須田)今後、金門島をめぐる攻防はかなり激化すると思います。金門島に立つと、中国本土に林立する高層ビル群が見えるくらい至近距離にあり、そこが攻防の最前線です。台湾と中国が協調関係にあった国民党政権の時代は、中国の観光客が大挙して金門島を訪れ、経済が潤っていました。

中国がここを獲った場合、「アメリカが動くのかどうか」の見極めも

須田)そういった経済的な揺さぶりだけでなく、軍事的な圧力を加えていく上でも、最初にここを獲るのではないでしょうか。

飯田)この周辺では、中国海警局の船が巡視活動を行っているようです。

須田)これが台湾に対する1つのモデルケースになりかねないと思います。仮に中国がここを獲った場合、「アメリカが動くのかどうか」という問題もあるので、中国としては、その辺りの見極めも考えているのかも知れません。

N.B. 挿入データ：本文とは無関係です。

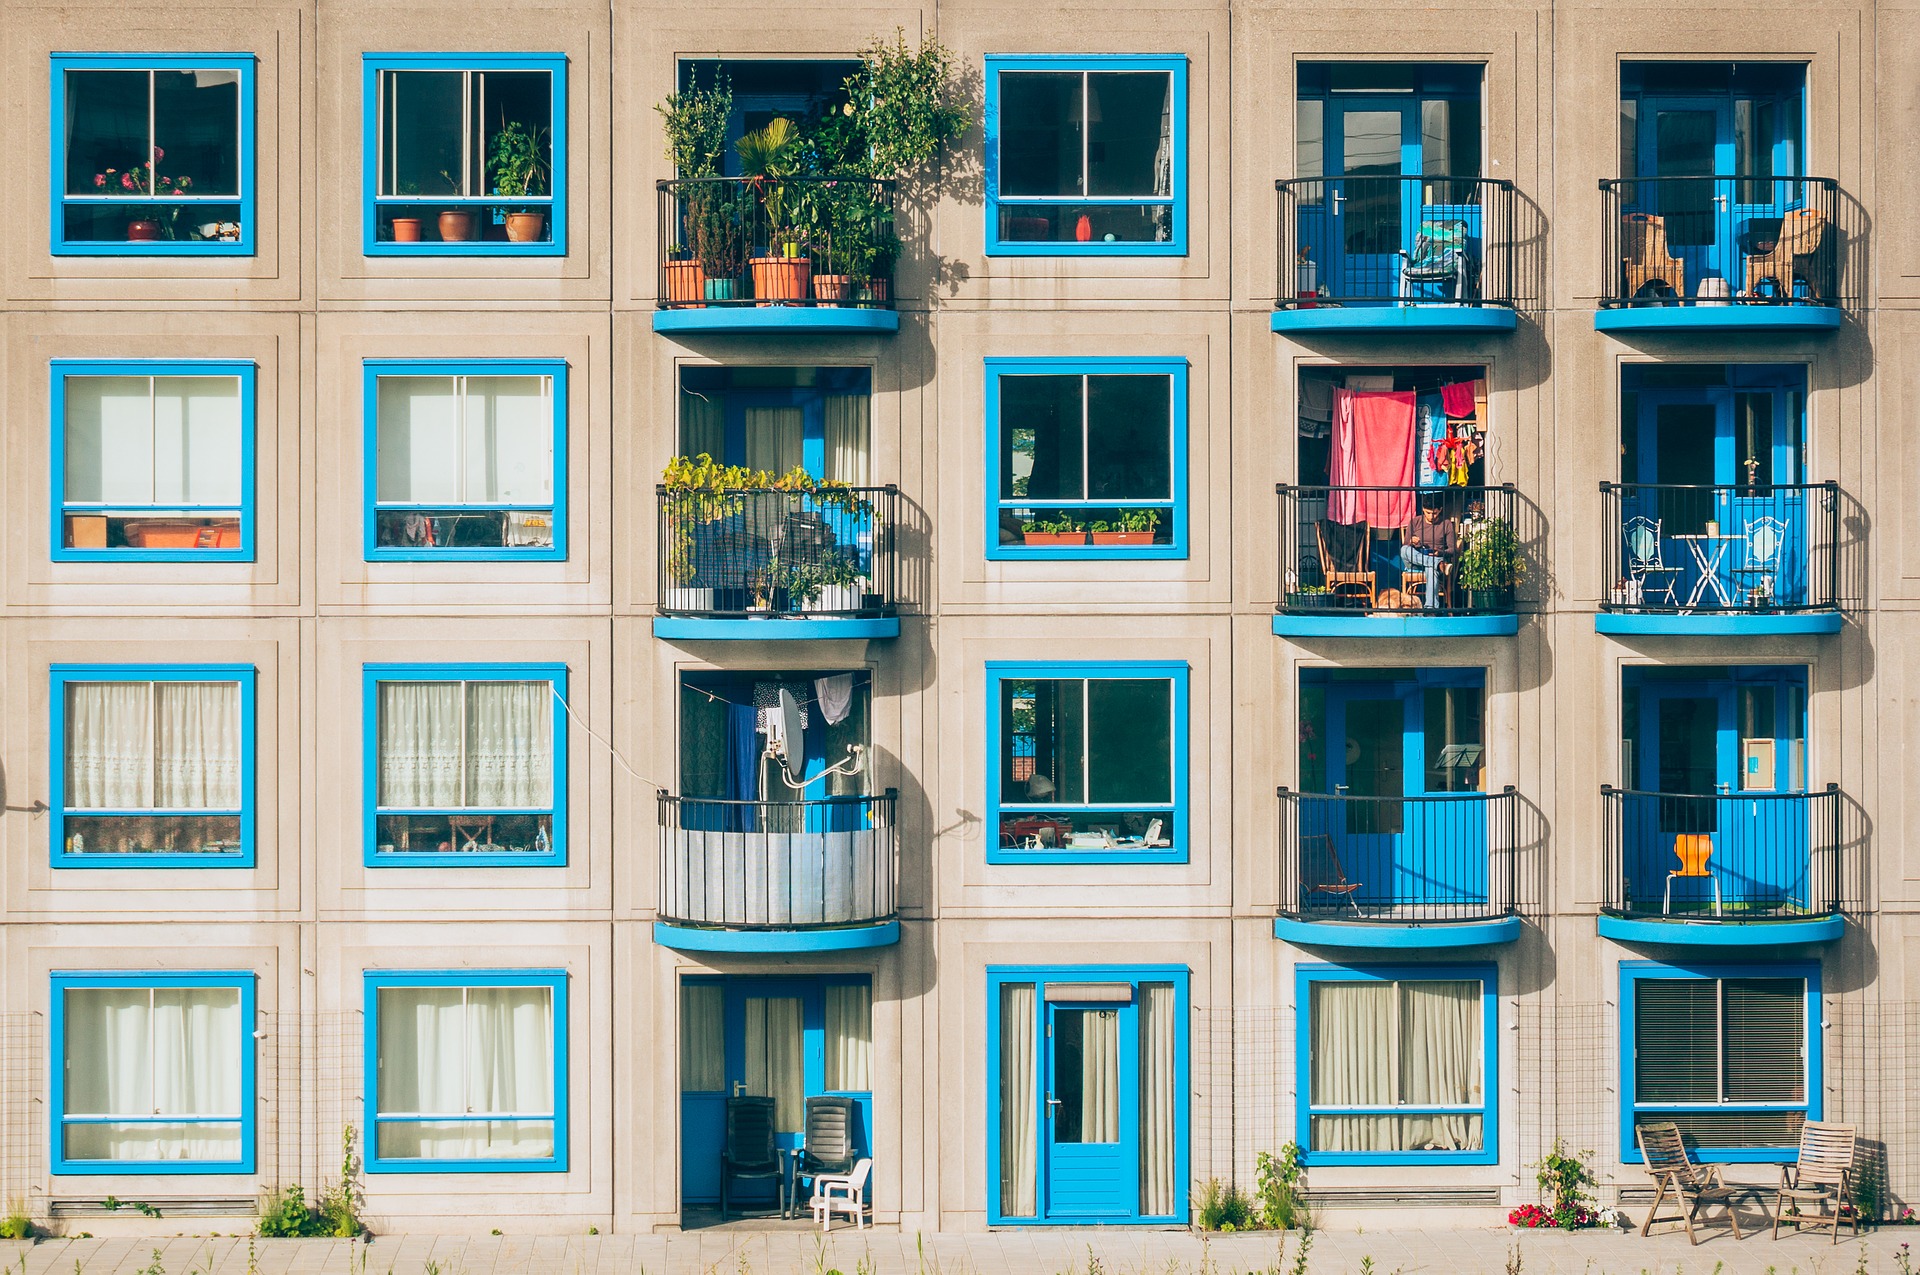 Apartments with blue trim

飯田)金門島を獲った場合、「力による現状変更」とアメリカが見るかどうか。

須田)台湾としては警戒しているのですが、ある意味での「サラミ戦術」が行われています。少しずつサラミを切るように実績を積み上げていく手法なので、この攻防は今後、大きな影響を与えるのではないかと思います。

国民党幹部が台湾市民にどのようなお土産を持って帰るのか

飯田)野党・国民党の幹部が訪問していますが、今後、蔡英文政権や次期・頼清徳政権に対するメッセージなどは出るのでしょうか?

須田)どんな形で、台湾市民にアピールできる「お土産」を持たせて帰すのかを見極めたいですね。

飯田)夏立言副主席は他にも、福建省アモイ、広東省広州、浙江省杭州、上海などを訪れるようです。

須田)中国との関係を強化することで、台湾にどんな未来が開けるのか。あるいは独立しないまでも、現状維持によって台湾はどんな未来を展望できるのか。それを比べ抜いたときに、「台湾市民がどちらを選ぶのか」という状況になるのだと思います。ただ、中国経済は非常に厳しく、国民に対する統制も強めています。香港の事例を考えると、経済的なメリットがあるからといって、台湾市民がそちらを向くことはあり得ないと思います。

「独立派」というレッテルを払拭する必要性がある頼清徳新総統

飯田)他方、台湾の中国時報によると、現政権である民進党の中国担当と福建省のアモイ大学の研究員がオンラインで交流会を開いたそうです。

須田)「緊張を高めていく」ということも民進党の本意ではないのです。そういう意味でも頼清徳新総統は、「独立派」というレッテルを払拭する必要があるのではないでしょうか。